Peritoneal Dialysis Associated Peritonitis Rate – Validation of a Simplified Formula
Simplified calculation of PD peritonitis rate
Keywords:ANZDATA, NZ PD Registry, RDPLF, peritonitis rate computation
Peritonitis is the most important therapy-related complication of peritoneal dialysis (PD). Unfortunately, many PD centers around the world do not accurately record peritonitis rate, mainly because they cannot ascertain PD patient time-at-risk from “patient flow” data - that is, calculating PD patient-days from dates when patients start and finish PD. We propose a simplified method of calculating PD peritonitis rate using PD patient time-at-risk from “patient stock” data - - that is, calculating PD patient-days from the number of prevalent PD patients at the center at the start of the year and the corresponding number at the end. We compared gold-standard measurements of annual PD peritonitis rates with simplified ones in the Australia and New Zealand Dialysis and Transplant Registry (ANZDATA) / New Zealand (NZ) PD Registry, and Le Registre de Dialyse Péritonéale de Langue Française et hémodialyse à domicile (the RDPLF). A total of 268 centers from 9 countries with 4311 center-years and 110,185 patient-years of follow-up were modelled.
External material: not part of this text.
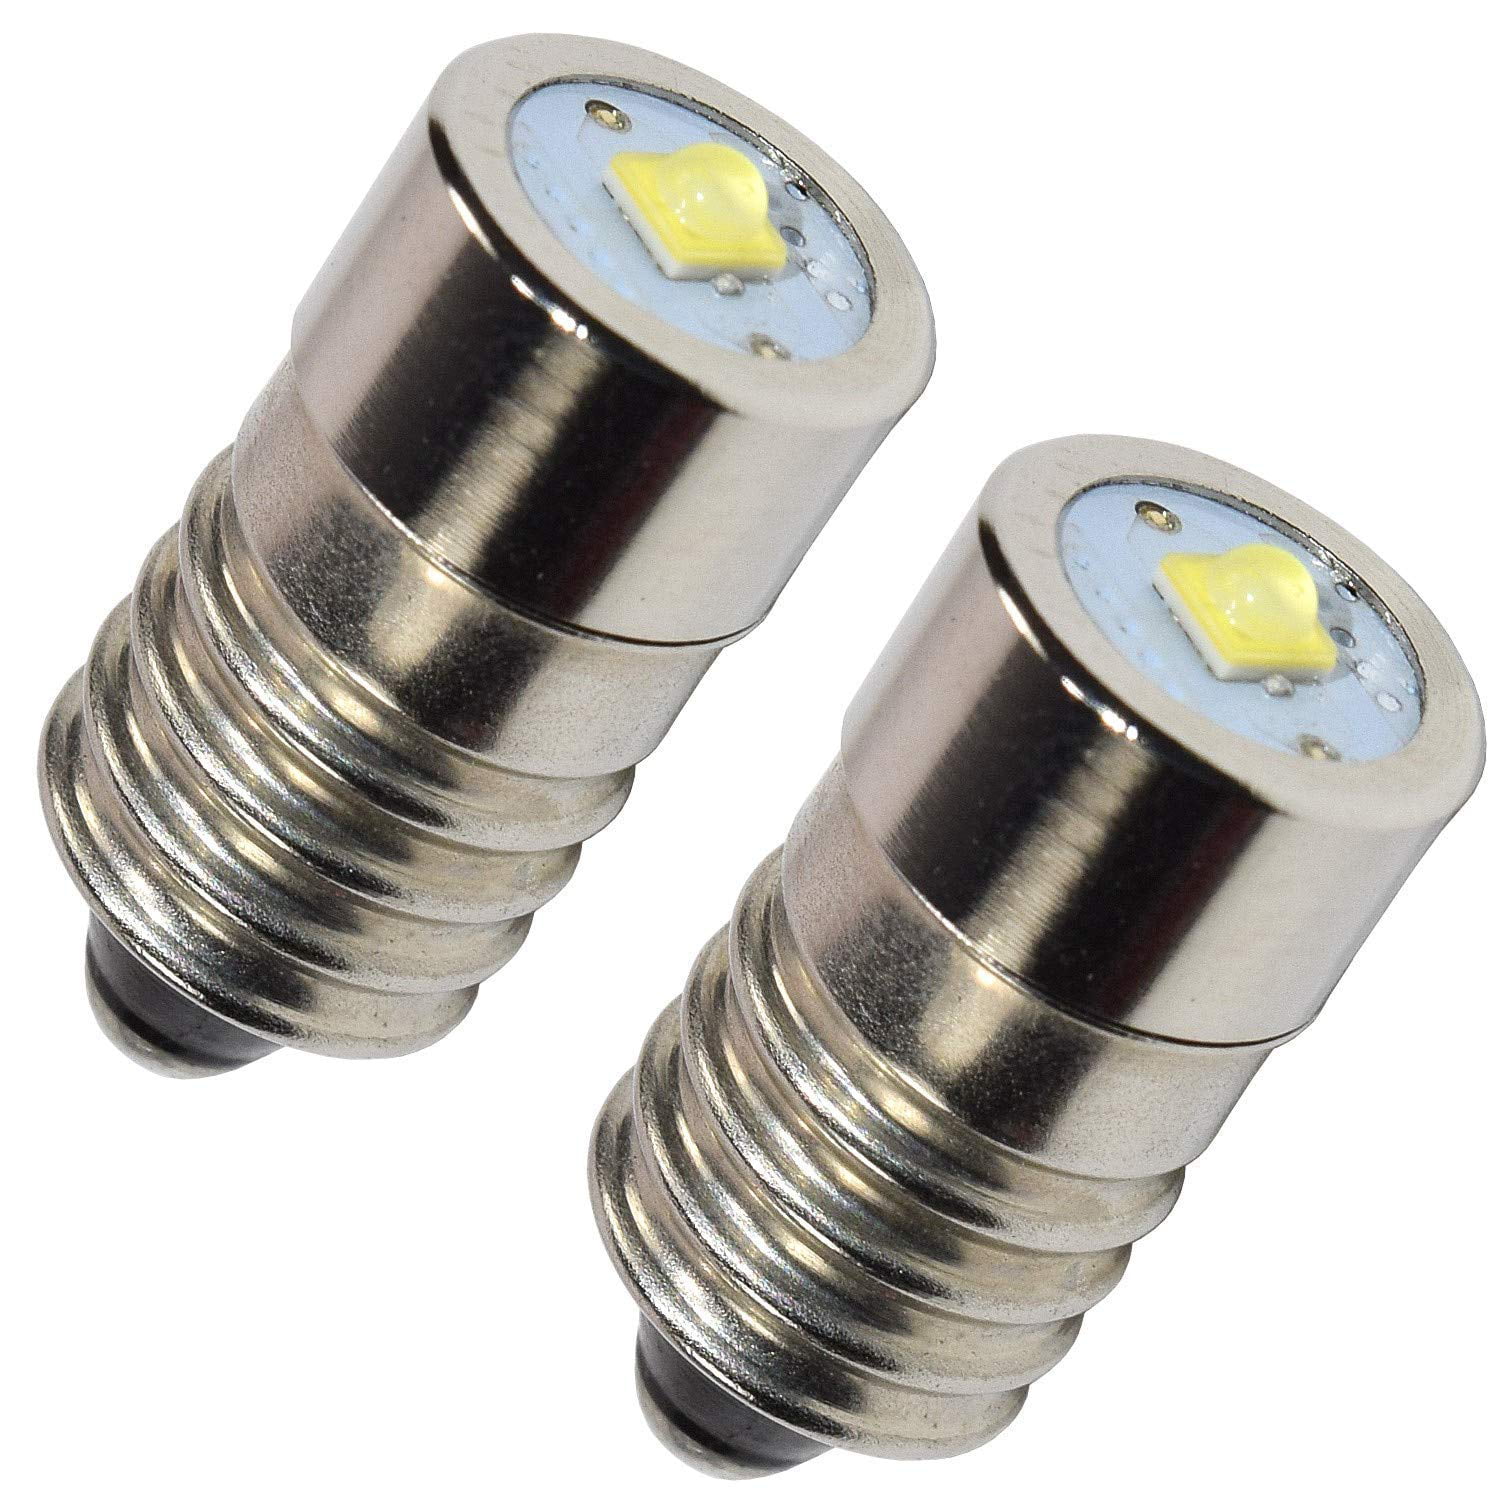 PETZL Zoom/Duo MES E10 Screw LED Bulb CREE UPGRADE LAMP Head Torch

Overall agreement was excellent with a concordance correlation coefficient of 0.978 (95% confidence interval [CI] 0.975-0.980) in ANZDATA / NZ PD Registry, and 0.978 (0.977-0.980) in the RDPLF. There was statistically significant lower agreement for smaller centers in the registries at 0.972 (0.966-0.976) and 0.973 (0.970-0.976) respectively, although the performance of the simplified formula remains clinically sound in even these centers. The simplified method of calculating PD peritonitis rate is accurate, and will allow more centers around the world to measure, report, and work on reducing PD peritonitis rates.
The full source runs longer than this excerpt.